DESAFIO EM FAMÍLIA – ANTES DE ACREDITAR, AVALIAR!

[Nota importante antes de iniciar o desafio]
Este é um exercício exigente, não porque seja difícil de compreender, mas porque implica algo cada vez mais raro no quotidiano familiar: tempo, atenção e conversa sem pressa. É muito provável que, numa primeira realização, não consiga percorrer todas as etapas com clareza, nem atingir todos os objetivos propostos, e isso é absolutamente normal.
O essencial não está em “fazer tudo bem”, mas em começar! Começar a parar, a escutar, a perguntar com mais cuidado, a ajudar a criança a dar nome ao que vivenciou no seu dia-a-dia. É nessa intencionalidade repetida, nessa regularidade tranquila, que mais tarde surge a profundidade. Primeiro vem a disponibilidade, depois, com o tempo, vem a intensidade.
O verdadeiro valor deste desafio está na conversa que se constrói, passo a passo. Muitas vezes, só o facto de um adulto se sentar com a criança para tentar compreender o que ela sentiu, o que aconteceu e o que pensou sobre isso já produz efeitos profundos. E, quase sem se dar conta, chega um momento em que é a própria criança que começa a colocar estas perguntas antes de acreditar e antes de decidir. É aí que o pensamento crítico começa a enraizar-se, não como técnica, mas como um hábito interior!

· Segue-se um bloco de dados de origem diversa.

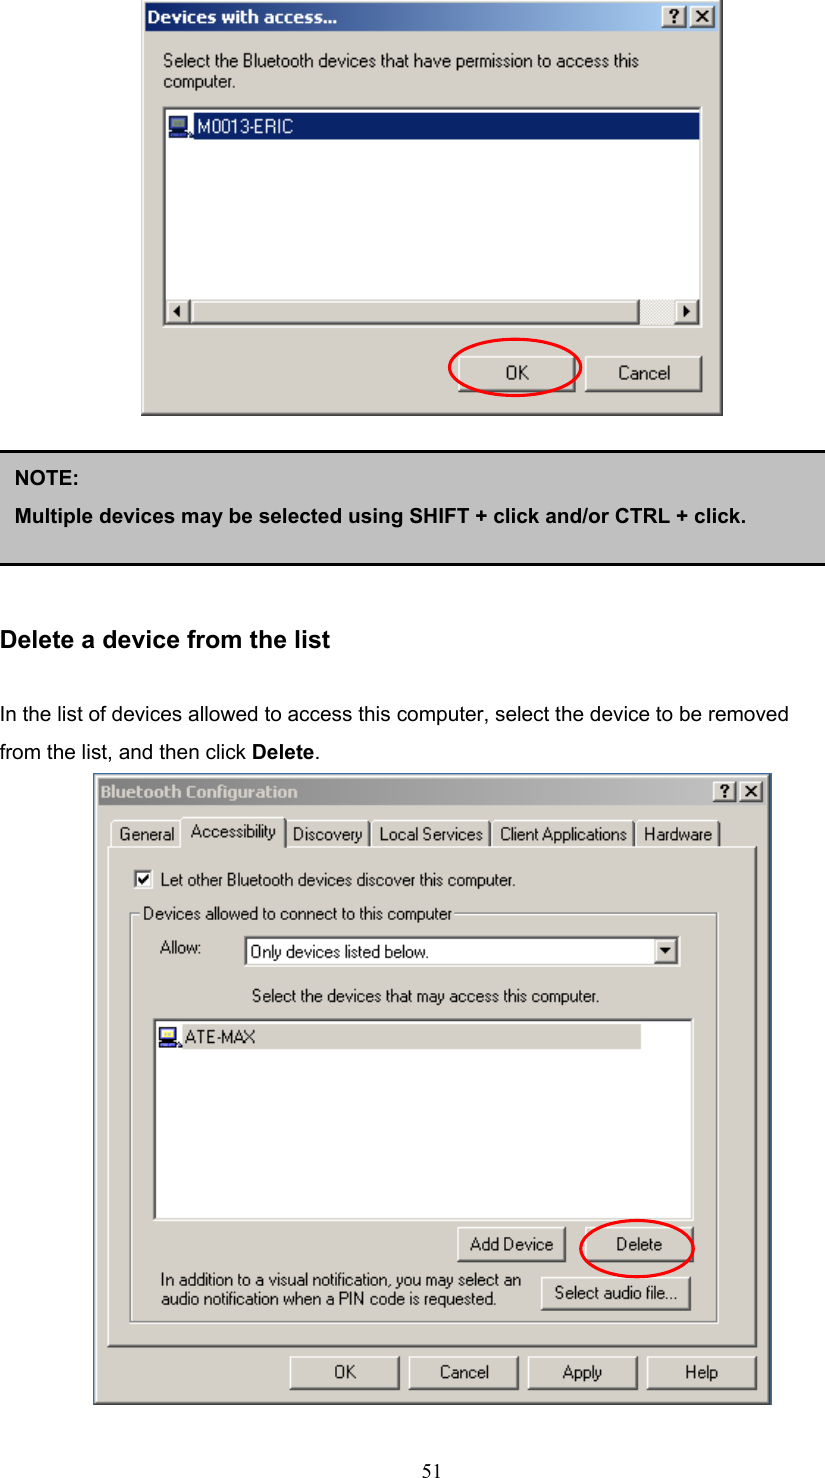  51       Delete a device from the list  In the list of devices allowed to access this computer, select the device to be removed from the list, and then click Delete.  NOTE:  Multiple devices may be selected using SHIFT + click and/or CTRL + click.

DESAFIO EM FAMÍLIA – ANTES DE ACREDITAR, AVALIAR!
Treinar o pensamento crítico no quotidiano
Idades indicadas: a partir dos 10 anos
Duração estimada: 60 minutos
OBJETIVO
Promover, em contexto familiar, o desenvolvimento da capacidade de avaliar ideias, afirmações e conclusões antes de as aceitar como verdadeiras, justas ou suficientes, ajudando a criança a reconhecer e a resistir a influências frequentes no seu quotidiano, tais como a pressão do grupo ou a validação social e digital. O desafio visa, assim, favorecer a transição da concordância imediata para uma avaliação consciente, criteriosa e sustentada.
MATERIAIS E METODOLOGIAS
Um caderno (idealmente reservado aos “desafios em família”)
Post-its
Lápis ou canetas
Um espaço tranquilo, sem pressa nem interrupções
Nota pedagógica: neste desafio, o tempo de qualidade não é “um extra”, mas sim uma parte integrante do método.
PASSO A PASSO
1) Escolher três frases “fortes” (e muito comuns)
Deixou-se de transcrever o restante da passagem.